▸ What to work on
Every entry must be transcribed exactly as written.

Start of Block

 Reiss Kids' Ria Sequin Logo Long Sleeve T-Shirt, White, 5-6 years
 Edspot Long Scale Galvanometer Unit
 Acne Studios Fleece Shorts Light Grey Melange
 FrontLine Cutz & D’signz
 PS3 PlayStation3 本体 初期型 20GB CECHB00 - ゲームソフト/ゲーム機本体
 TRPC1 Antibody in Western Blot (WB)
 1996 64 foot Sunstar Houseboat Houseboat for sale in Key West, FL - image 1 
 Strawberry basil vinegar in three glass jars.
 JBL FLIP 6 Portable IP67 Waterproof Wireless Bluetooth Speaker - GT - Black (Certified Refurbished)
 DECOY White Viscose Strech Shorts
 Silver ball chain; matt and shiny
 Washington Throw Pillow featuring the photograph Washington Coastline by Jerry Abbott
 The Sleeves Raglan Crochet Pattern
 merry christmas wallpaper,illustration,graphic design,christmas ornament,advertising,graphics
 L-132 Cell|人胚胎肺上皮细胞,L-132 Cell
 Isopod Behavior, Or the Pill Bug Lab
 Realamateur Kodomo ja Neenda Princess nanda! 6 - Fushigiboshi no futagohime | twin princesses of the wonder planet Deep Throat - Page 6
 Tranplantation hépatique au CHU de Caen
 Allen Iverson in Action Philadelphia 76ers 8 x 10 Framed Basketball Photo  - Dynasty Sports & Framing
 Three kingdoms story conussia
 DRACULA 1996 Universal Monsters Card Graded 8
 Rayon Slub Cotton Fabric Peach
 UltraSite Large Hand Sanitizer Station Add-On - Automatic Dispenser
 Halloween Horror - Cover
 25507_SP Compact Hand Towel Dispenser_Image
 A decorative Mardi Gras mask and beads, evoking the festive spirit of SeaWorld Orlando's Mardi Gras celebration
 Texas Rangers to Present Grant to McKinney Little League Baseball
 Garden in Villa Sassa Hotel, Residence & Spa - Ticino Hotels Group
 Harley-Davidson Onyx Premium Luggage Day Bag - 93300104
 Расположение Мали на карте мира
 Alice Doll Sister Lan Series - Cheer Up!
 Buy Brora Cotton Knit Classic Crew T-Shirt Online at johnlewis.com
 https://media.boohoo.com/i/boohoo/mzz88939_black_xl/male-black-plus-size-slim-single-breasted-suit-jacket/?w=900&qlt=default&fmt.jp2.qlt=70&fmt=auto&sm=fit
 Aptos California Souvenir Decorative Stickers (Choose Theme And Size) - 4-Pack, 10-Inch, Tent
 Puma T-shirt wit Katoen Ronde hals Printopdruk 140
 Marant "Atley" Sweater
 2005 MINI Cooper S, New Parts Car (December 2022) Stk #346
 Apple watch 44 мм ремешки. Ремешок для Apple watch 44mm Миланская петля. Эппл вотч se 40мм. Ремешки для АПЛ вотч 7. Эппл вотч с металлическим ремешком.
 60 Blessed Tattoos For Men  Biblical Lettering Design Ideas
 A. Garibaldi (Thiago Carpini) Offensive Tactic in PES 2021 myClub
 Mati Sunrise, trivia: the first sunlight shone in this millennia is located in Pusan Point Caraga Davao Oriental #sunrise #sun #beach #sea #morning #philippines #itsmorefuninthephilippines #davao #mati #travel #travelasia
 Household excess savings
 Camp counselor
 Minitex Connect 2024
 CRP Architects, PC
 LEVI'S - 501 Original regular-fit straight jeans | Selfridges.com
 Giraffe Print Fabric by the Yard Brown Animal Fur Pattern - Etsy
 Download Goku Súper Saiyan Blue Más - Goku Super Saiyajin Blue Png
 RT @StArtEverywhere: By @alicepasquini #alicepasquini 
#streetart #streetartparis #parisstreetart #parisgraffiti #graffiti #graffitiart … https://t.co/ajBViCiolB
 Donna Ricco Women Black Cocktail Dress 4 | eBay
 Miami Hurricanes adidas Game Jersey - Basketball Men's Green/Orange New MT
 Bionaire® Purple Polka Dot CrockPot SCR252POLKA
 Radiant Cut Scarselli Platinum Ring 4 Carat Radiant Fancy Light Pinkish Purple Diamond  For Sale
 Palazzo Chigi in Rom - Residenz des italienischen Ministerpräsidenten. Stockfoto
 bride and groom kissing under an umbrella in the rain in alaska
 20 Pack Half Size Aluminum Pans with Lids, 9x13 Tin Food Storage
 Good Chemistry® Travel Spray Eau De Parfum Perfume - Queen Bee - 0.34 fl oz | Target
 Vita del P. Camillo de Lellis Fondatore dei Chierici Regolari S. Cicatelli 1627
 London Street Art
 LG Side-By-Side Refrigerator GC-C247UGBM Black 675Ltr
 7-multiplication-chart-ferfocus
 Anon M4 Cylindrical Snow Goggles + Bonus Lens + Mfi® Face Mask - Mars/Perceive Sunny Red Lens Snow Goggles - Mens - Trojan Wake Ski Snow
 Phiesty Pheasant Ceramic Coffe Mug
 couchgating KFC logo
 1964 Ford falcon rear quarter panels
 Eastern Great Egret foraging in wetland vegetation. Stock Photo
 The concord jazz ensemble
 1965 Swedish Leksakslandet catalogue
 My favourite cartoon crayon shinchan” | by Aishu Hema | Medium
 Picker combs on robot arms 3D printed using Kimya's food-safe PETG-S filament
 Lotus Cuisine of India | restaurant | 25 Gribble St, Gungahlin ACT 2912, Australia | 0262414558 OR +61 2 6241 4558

End of Block

▸ Task output
 Reiss Kids' Ria Sequin Logo Long Sleeve T-Shirt, White, 5-6 years
 Edspot Long Scale Galvanometer Unit
 Acne Studios Fleece Shorts Light Grey Melange
 FrontLine Cutz & D’signz
 PS3 PlayStation3 本体 初期型 20GB CECHB00 - ゲームソフト/ゲーム機本体
 TRPC1 Antibody in Western Blot (WB)
 1996 64 foot Sunstar Houseboat Houseboat for sale in Key West, FL - image 1 
 Strawberry basil vinegar in three glass jars.
 JBL FLIP 6 Portable IP67 Waterproof Wireless Bluetooth Speaker - GT - Black (Certified Refurbished)
 DECOY White Viscose Strech Shorts
 Silver ball chain; matt and shiny
 Washington Throw Pillow featuring the photograph Washington Coastline by Jerry Abbott
 The Sleeves Raglan Crochet Pattern
 merry christmas wallpaper,illustration,graphic design,christmas ornament,advertising,graphics
 L-132 Cell|人胚胎肺上皮细胞,L-132 Cell
 Isopod Behavior, Or the Pill Bug Lab
 Realamateur Kodomo ja Neenda Princess nanda! 6 - Fushigiboshi no futagohime | twin princesses of the wonder planet Deep Throat - Page 6
 Tranplantation hépatique au CHU de Caen
 Allen Iverson in Action Philadelphia 76ers 8 x 10 Framed Basketball Photo  - Dynasty Sports & Framing
 Three kingdoms story conussia
 DRACULA 1996 Universal Monsters Card Graded 8
 Rayon Slub Cotton Fabric Peach
 UltraSite Large Hand Sanitizer Station Add-On - Automatic Dispenser
 Halloween Horror - Cover
 25507_SP Compact Hand Towel Dispenser_Image
 A decorative Mardi Gras mask and beads, evoking the festive spirit of SeaWorld Orlando's Mardi Gras celebration
 Texas Rangers to Present Grant to McKinney Little League Baseball
 Garden in Villa Sassa Hotel, Residence & Spa - Ticino Hotels Group
 Harley-Davidson Onyx Premium Luggage Day Bag - 93300104
 Расположение Мали на карте мира
 Alice Doll Sister Lan Series - Cheer Up!
 Buy Brora Cotton Knit Classic Crew T-Shirt Online at johnlewis.com
 https://media.boohoo.com/i/boohoo/mzz88939_black_xl/male-black-plus-size-slim-single-breasted-suit-jacket/?w=900&qlt=default&fmt.jp2.qlt=70&fmt=auto&sm=fit
 Aptos California Souvenir Decorative Stickers (Choose Theme And Size) - 4-Pack, 10-Inch, Tent
 Puma T-shirt wit Katoen Ronde hals Printopdruk 140
 Marant "Atley" Sweater
 2005 MINI Cooper S, New Parts Car (December 2022) Stk #346
 Apple watch 44 мм ремешки. Ремешок для Apple watch 44mm Миланская петля. Эппл вотч se 40мм. Ремешки для АПЛ вотч 7. Эппл вотч с металлическим ремешком.
 60 Blessed Tattoos For Men  Biblical Lettering Design Ideas
 A. Garibaldi (Thiago Carpini) Offensive Tactic in PES 2021 myClub
 Mati Sunrise, trivia: the first sunlight shone in this millennia is located in Pusan Point Caraga Davao Oriental #sunrise #sun #beach #sea #morning #philippines #itsmorefuninthephilippines #davao #mati #travel #travelasia
 Household excess savings
 Camp counselor
 Minitex Connect 2024
 CRP Architects, PC
 LEVI'S - 501 Original regular-fit straight jeans | Selfridges.com
 Giraffe Print Fabric by the Yard Brown Animal Fur Pattern - Etsy
 Download Goku Súper Saiyan Blue Más - Goku Super Saiyajin Blue Png
 RT @StArtEverywhere: By @alicepasquini #alicepasquini 
#streetart #streetartparis #parisstreetart #parisgraffiti #graffiti #graffitiart … https://t.co/ajBViCiolB
 Donna Ricco Women Black Cocktail Dress 4 | eBay
 Miami Hurricanes adidas Game Jersey - Basketball Men's Green/Orange New MT
 Bionaire® Purple Polka Dot CrockPot SCR252POLKA
 Radiant Cut Scarselli Platinum Ring 4 Carat Radiant Fancy Light Pinkish Purple Diamond  For Sale
 Palazzo Chigi in Rom - Residenz des italienischen Ministerpräsidenten. Stockfoto
 bride and groom kissing under an umbrella in the rain in alaska
 20 Pack Half Size Aluminum Pans with Lids, 9x13 Tin Food Storage
 Good Chemistry® Travel Spray Eau De Parfum Perfume - Queen Bee - 0.34 fl oz | Target
 Vita del P. Camillo de Lellis Fondatore dei Chierici Regolari S. Cicatelli 1627
 London Street Art
 LG Side-By-Side Refrigerator GC-C247UGBM Black 675Ltr
 7-multiplication-chart-ferfocus
 Anon M4 Cylindrical Snow Goggles + Bonus Lens + Mfi® Face Mask - Mars/Perceive Sunny Red Lens Snow Goggles - Mens - Trojan Wake Ski Snow
 Phiesty Pheasant Ceramic Coffe Mug
 couchgating KFC logo
 1964 Ford falcon rear quarter panels
 Eastern Great Egret foraging in wetland vegetation. Stock Photo
 The concord jazz ensemble
 1965 Swedish Leksakslandet catalogue
 My favourite cartoon crayon shinchan” | by Aishu Hema | Medium
 Picker combs on robot arms 3D printed using Kimya's food-safe PETG-S filament
 Lotus Cuisine of India | restaurant | 25 Gribble St, Gungahlin ACT 2912, Australia | 0262414558 OR +61 2 6241 4558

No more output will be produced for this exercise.